O setor de transporte de carga já teme diferentes reflexos da guerra entre Rússia e Ucrânia, que teve início em 24 de fevereiro. Com o aumento do preço do diesel na bomba, o segmento prevê o repasse desse custo aos fretes e aguarda também aumentos de preços de pneus e outros insumos. A redução da demanda por transporte é outra possibilidade. Nos primeiros negócios da segunda-feira (7 de março), a cotação do preço do barril de petróleo do tipo Brent chegou a quase US$ 140.
“Já se espera para breve um reajuste do diesel e isso pode ser só o começo de uma grande onda de aumentos”, afirma o CEO da startup Gasola, Ricardo Lerner. Ele acredita em um reajuste inicial de R$ 0,25 no valor do diesel. “Vai gerar pressão inflacionária”, recorda. A Gasola controla um aplicativo que conecta frotistas e postos para o pagamento de combustível.
“O transportador não tem condição de absorver aumento de custos, temos de fazer os repasses”, lamenta o presidente da ABC Cargas, Danilo Guedes. Diego de Tomasi, vice-presidente do Setcergs (sindicato que reúne transportadoras no Rio Grande do Sul), afirma: “Vivemos um cenário bastante tenso desde 2021 e com o novo conflito acreditamos em reajustes também em pneus, lubrificantes, Arla 32 e outros em cadeia.”
De Tomasi diz que as empresas de sua região estão com valores de frete defasados e que, por isso, terão de repassar algum porcentual, mas recorda que as quedas recentes na cotação do dólar tendem a reduzir o impacto da alta do petróleo.
Marcelo Rodrigues, vice-presidente do Setcesp (entidade paulista do setor de carga), lembra que o diesel subiu cerca de 50% no ano passado e que reajustes no frete serão inevitáveis em caso de novos aumentos no combustível: “Com o mundo já em caos [como consequência da pandemia de Covid-19], imagine o que pode ocorrer em relação à guerra.”
O executivo do Setcesp também cita como problema a redução do transporte de itens exportados à Rússia como soja, carnes de frango e bovina, café, amendoim e açúcar, além dos fertilizantes trazidos daquele país.
O assessor técnico da Associação Nacional do Transporte de Carga e Logística (NTC&Logística), Lauro Valdivia, teme o cenário de recessão em caso de prolongamento do conflito, “com consequente redução do volume de carga transportada”. E recorda que os reajustes do diesel são mais sentidos pelos autônomos e pequenos transportadores: “O combustível representa 35% das despesas para as grandes empresas, mas para os pequenos e autônomos esse peso é de 40% a 50%”.
Além das frequentes altas nos combustíveis no período recente, o setor de transporte enfrentou ainda o aumento de preços e desabastecimento de pneus. “Também sou um transportador e antes da pandemia eu pagava R$ 1.250 num pneu comum para carreta [medidas 295/80- 22.5]. Hoje, está barato quando encontro por R$ 2.500”, recorda o vice-presidente do Setcesp.
O diretor comercial da transportadora Braspress, Giuseppe Lumare, acredita que, além do provável reajuste dos pneus (por causa de matérias-primas derivadas de petróleo), pode ocorrer a falta do produto em razão da demanda atual por caminhões.
Em 2021, segundo a Associação Nacional dos Fabricantes de Veículos Automotores (Anfavea), foram produzidos no Brasil 158,8 mil caminhões, o melhor resultado desde 2013, e expectativa para este ano é de cerca de 170 mil. Durante o ano passado já houve falta de pneus nas linhas de montagem.
Além da indústria de caminhões, os fabricantes de carretas consumiram grande quantidade de pneus: no ano passado foram emplacados 90,3 mil implementos rebocáveis, número recorde para o setor, que pode crescer mais 10% este ano.

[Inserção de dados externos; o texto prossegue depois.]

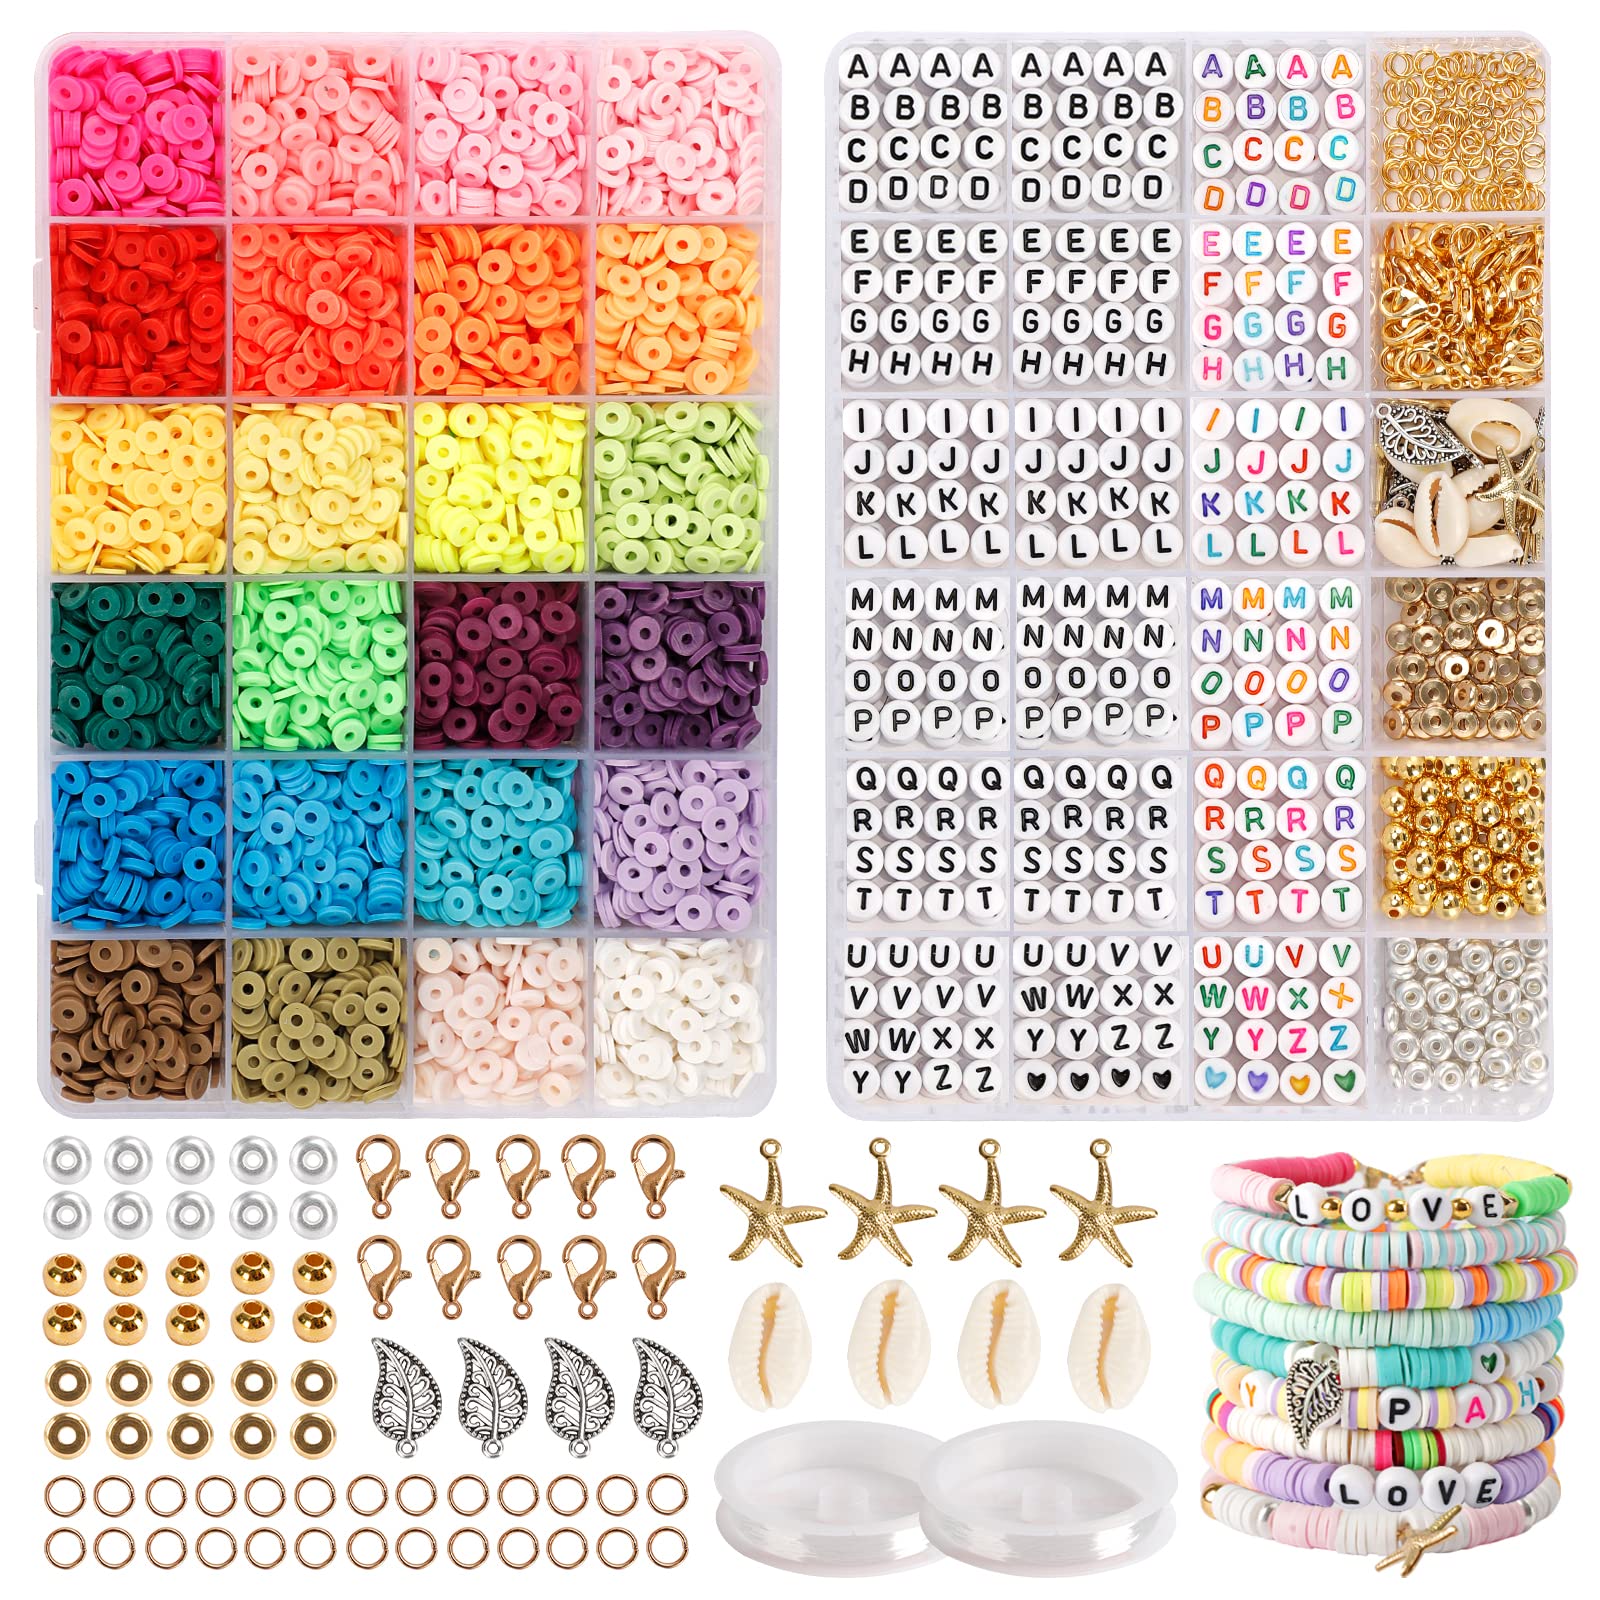 QUEFE 6000pcs 24 Colors Clay Beads for Bracelets Making Kit, Charm

Ao contrário do que estimam outros transportadores e representantes do setor, Lumare, da Braspress, acredita nem todos vão repassar aumentos de diesel em curto prazo. “As grandes transportadoras reajustaram seus preços neste início de ano e não devem repassar aumentos de diesel nos próximos 90 dias, a não ser que ocorra uma grande mudança no cenário de guerra”, diz o diretor comercial da companhia.

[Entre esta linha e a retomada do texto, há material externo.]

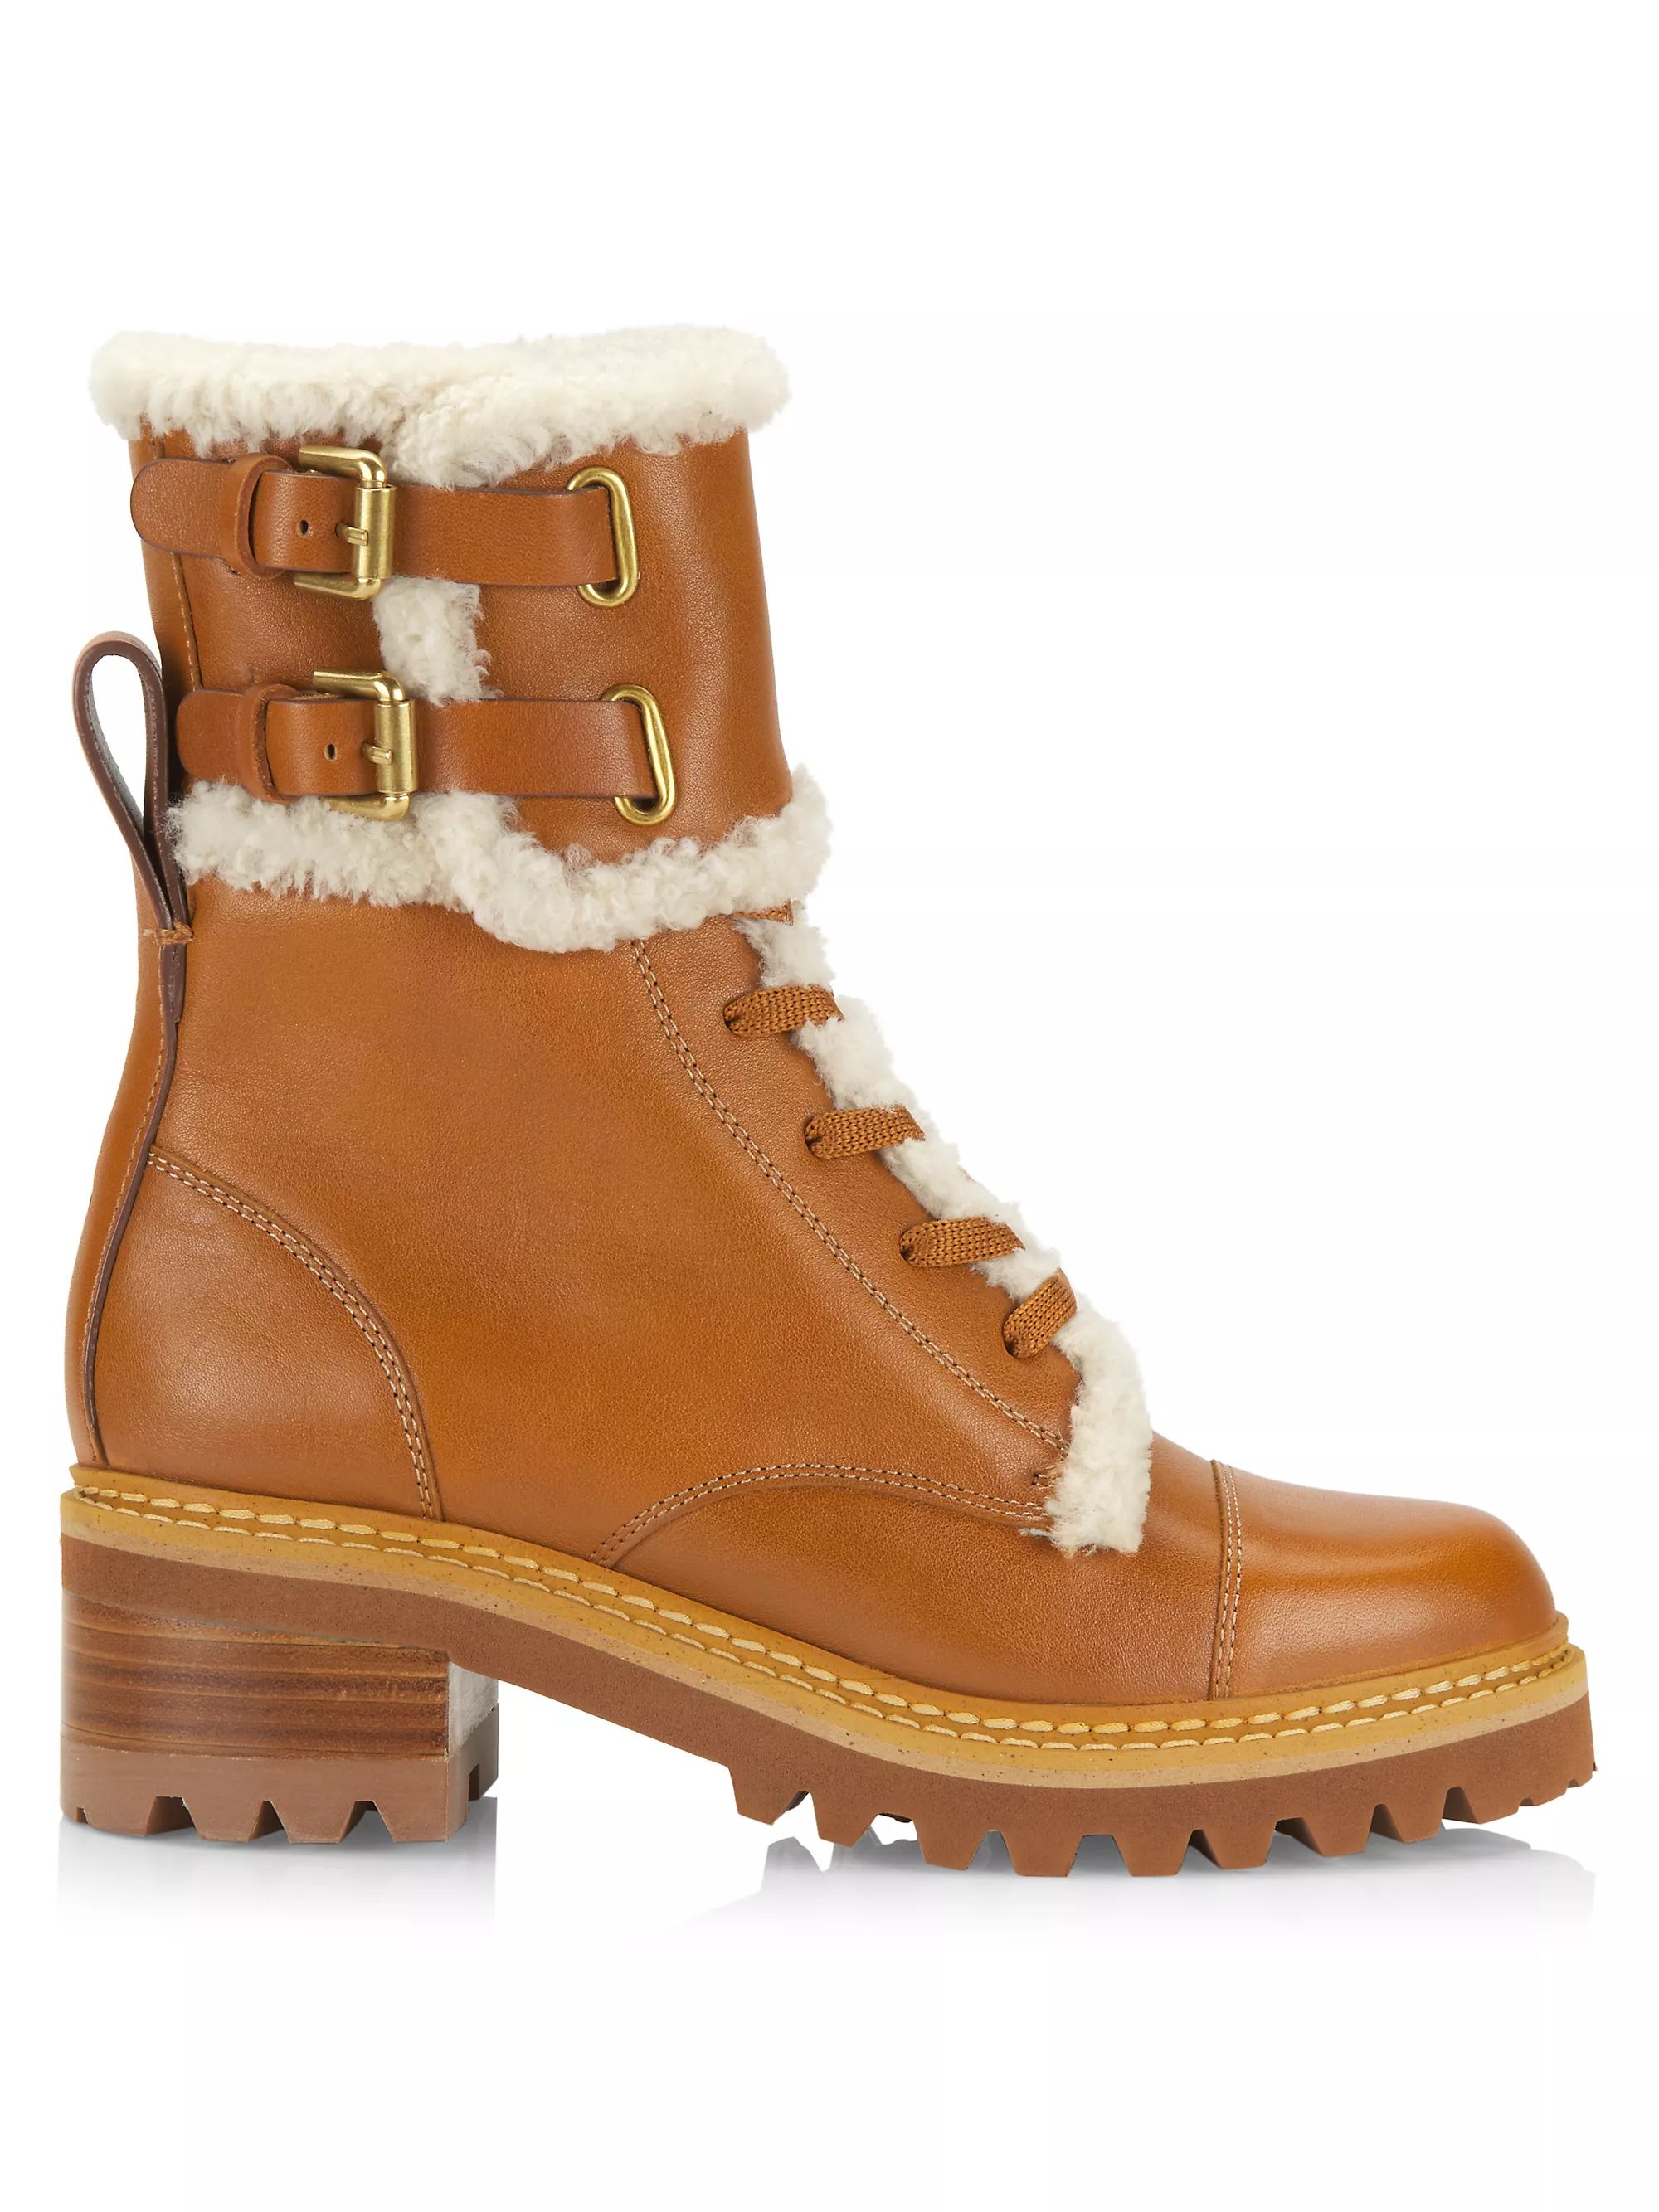 Mallory Shearling-Trimmed Leather Lace-Up Boots | Saks Fifth Avenue

O executivo também acredita em um cenário favorável ao Brasil: “Há a possibilidade de atração de capital para cá com o desinvestimento na Rússia e apreciação do real”. De acordo com Giuseppe Lumare, a Braspress anotou aumento de 17% na quantidade de fretes neste primeiro bimestre na comparação com o mesmo período do ano passado. “E em conversas com concorrentes, soubemos que tiveram crescimento semelhante.”